How to complete this task:
All that belongs in the answer is the lines from the one containing "Computer Wallpapers Rick" to the end of the listing below, copied exactly, pictures excluded.
═════ Provided material
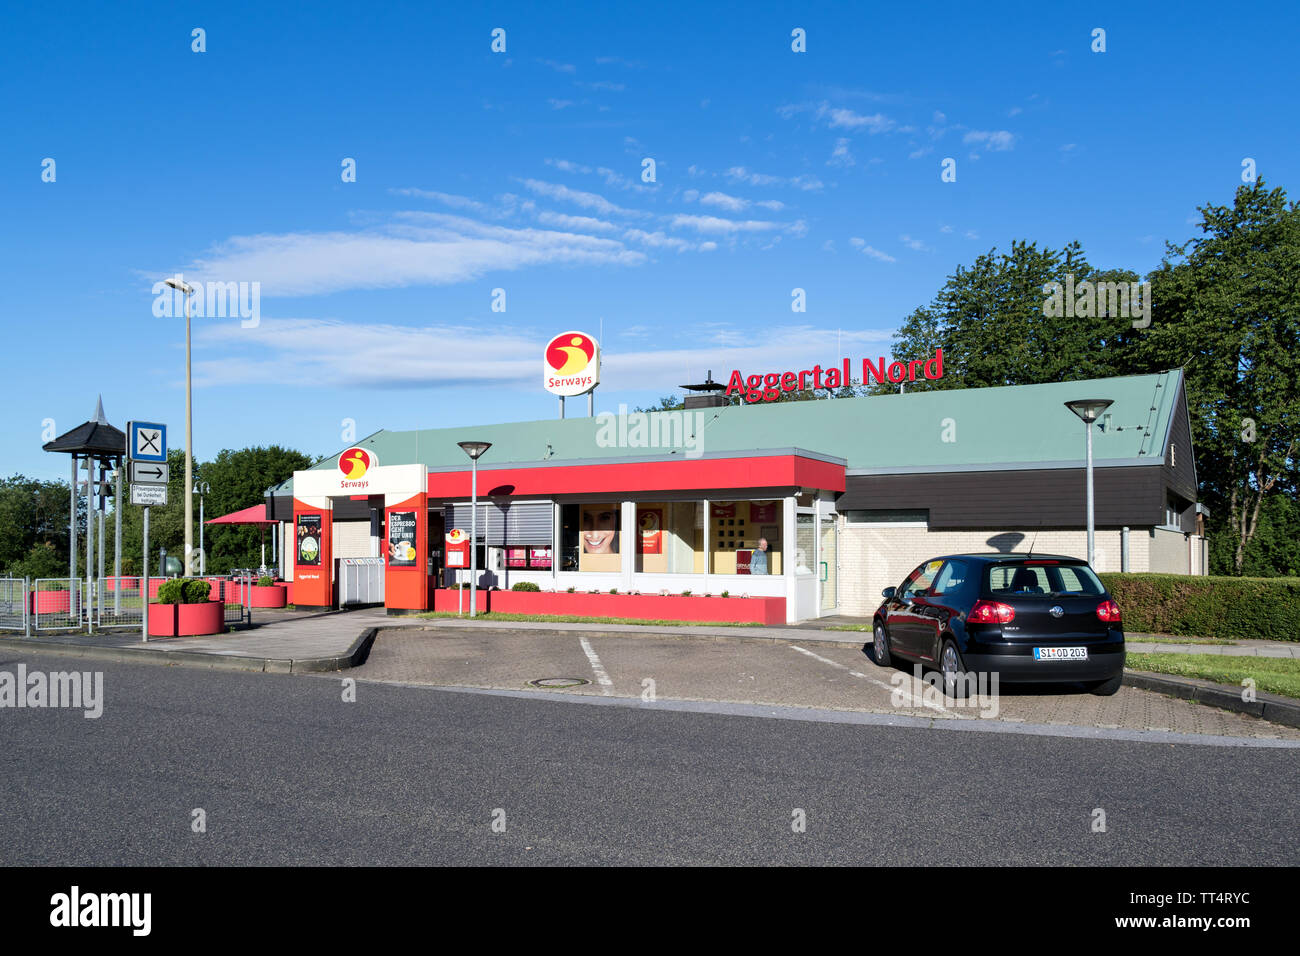 Serways restaurant Aggertal Nord. Serways is a brand of Tank & Rast, which leases, operates and manages motorway service stations in Germany. Stock Photo
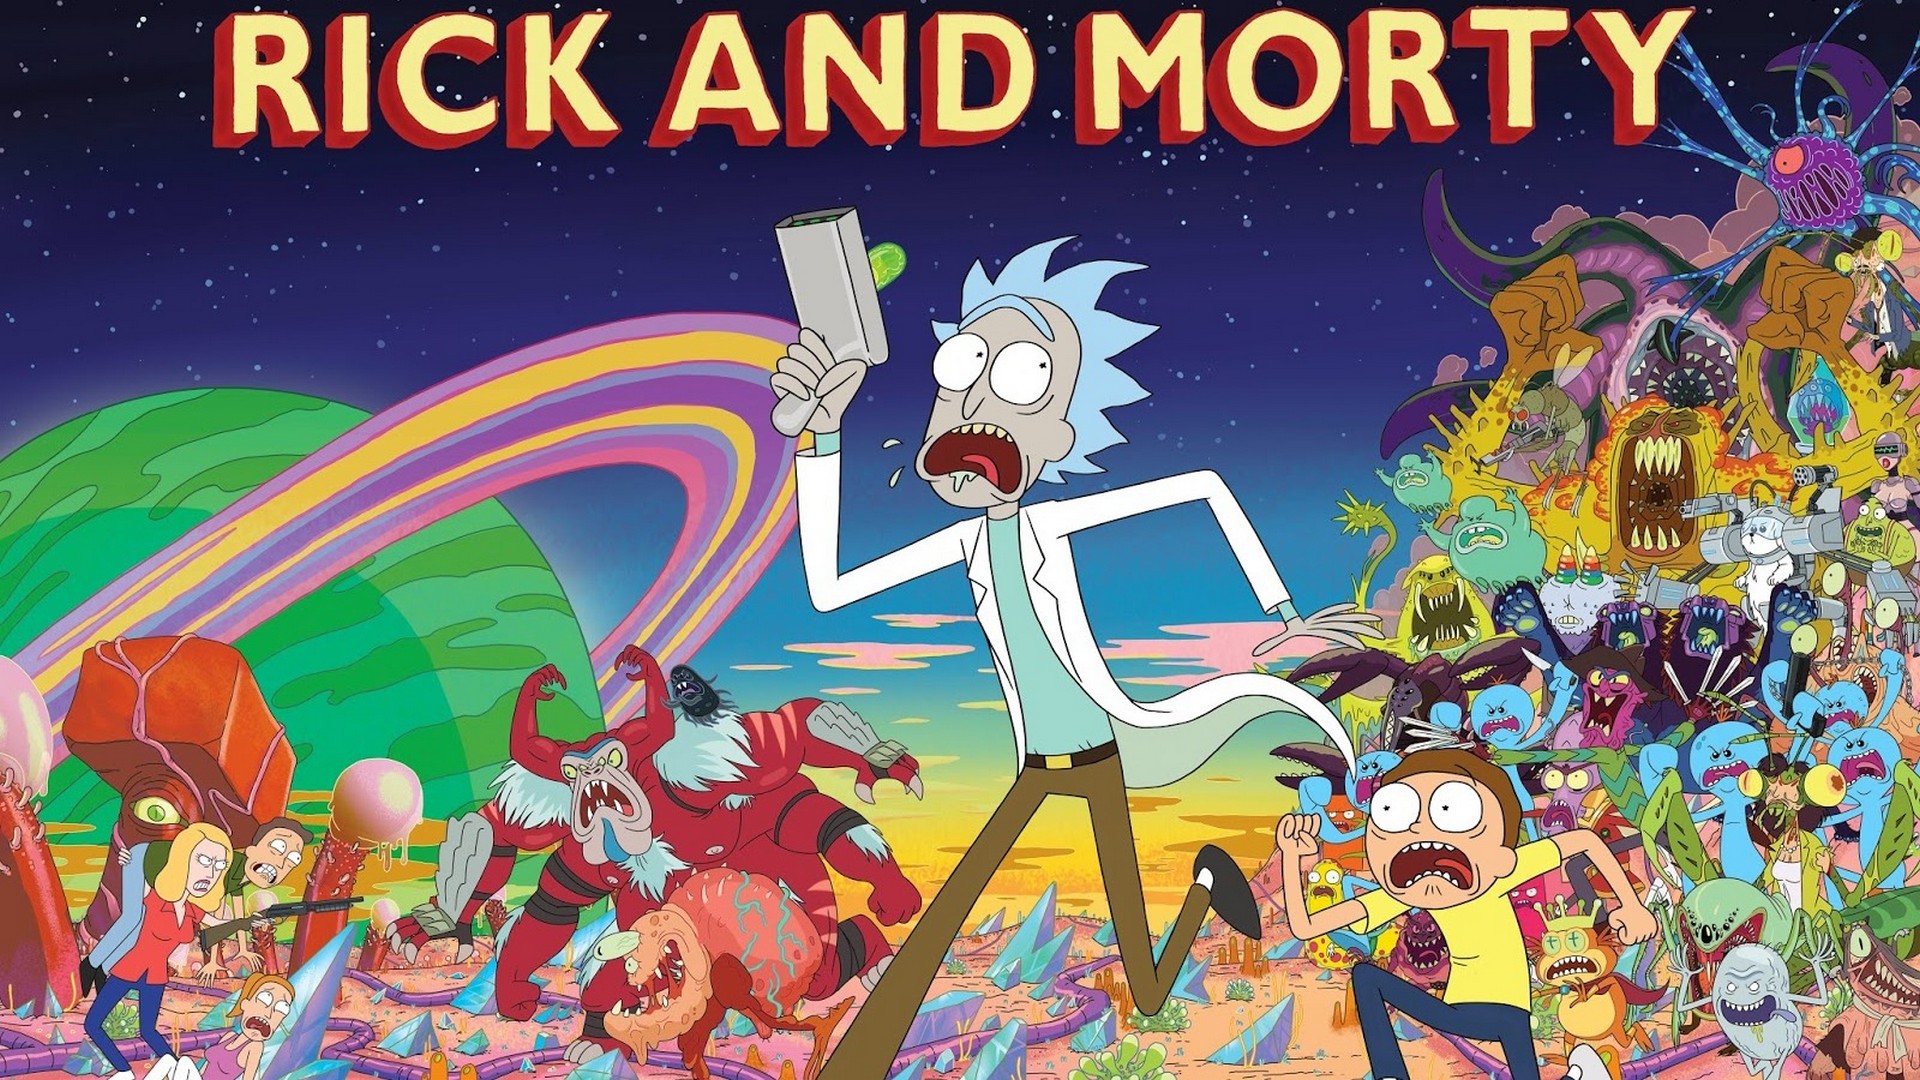 Computer Wallpapers Rick and Morty with resolution 1920X1080 pixel. You can use this wallpaper as background for your desktop Computer Screensavers, Android or iPhone smartphones
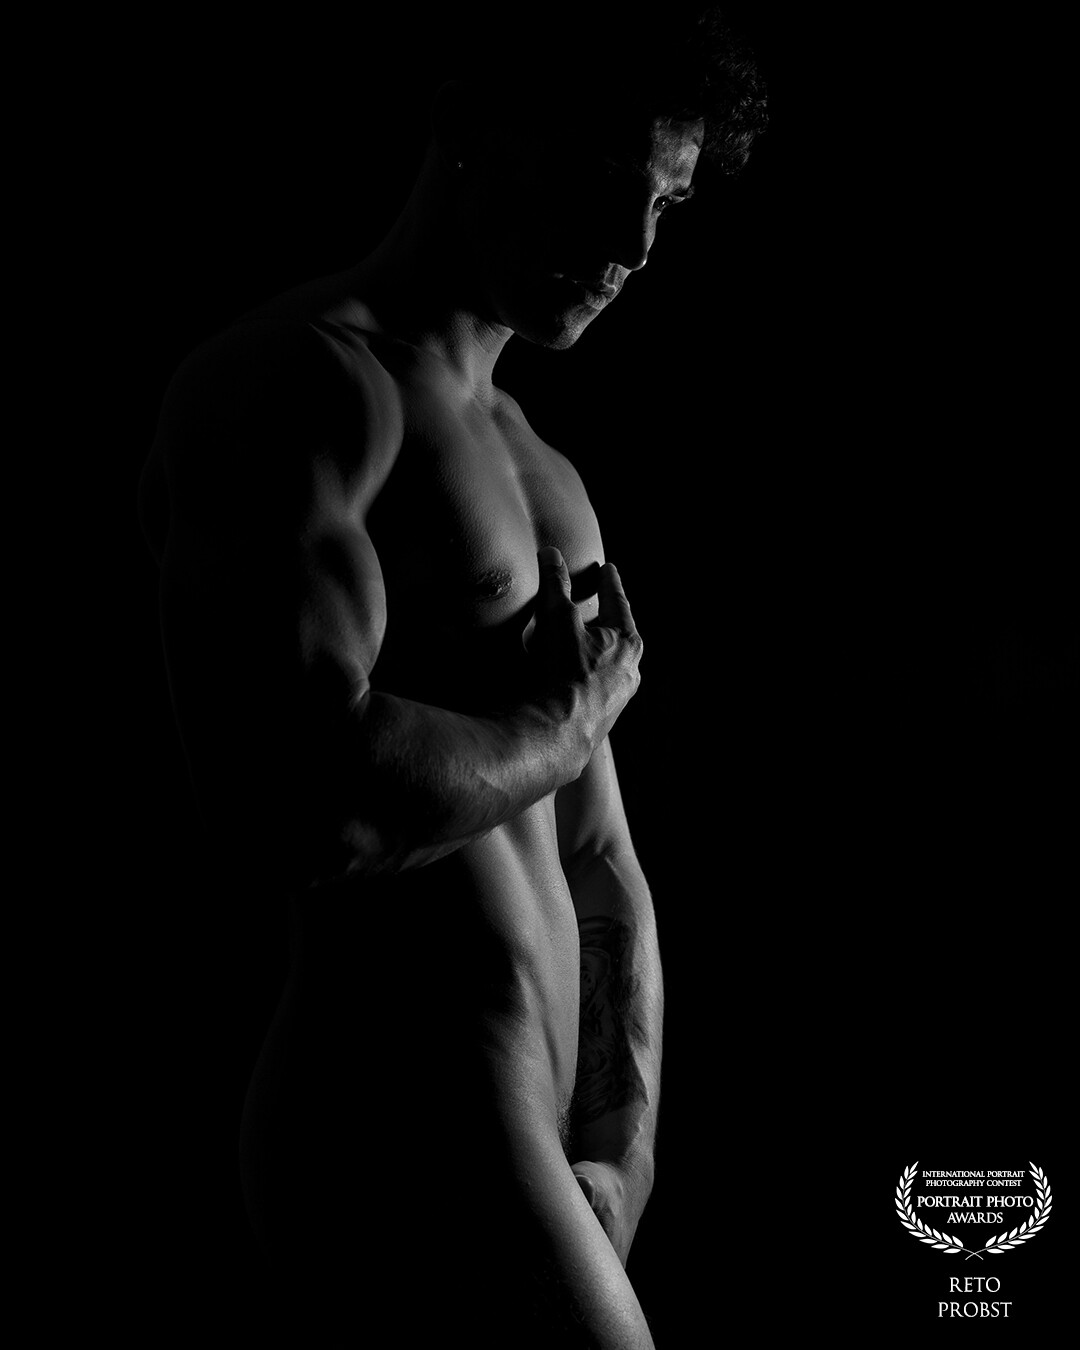 In this high-contrast black and white image, light and darkness merge into a sensual composition. The person emerges from the shadows and casts mysterious silhouettes through the backlight.
══════════
Reply to the task:
 Computer Wallpapers Rick and Morty with resolution 1920X1080 pixel. You can use this wallpaper as background for your desktop Computer Screensavers, Android or iPhone smartphones
 In this high-contrast black and white image, light and darkness merge into a sensual composition. The person emerges from the shadows and casts mysterious silhouettes through the backlight.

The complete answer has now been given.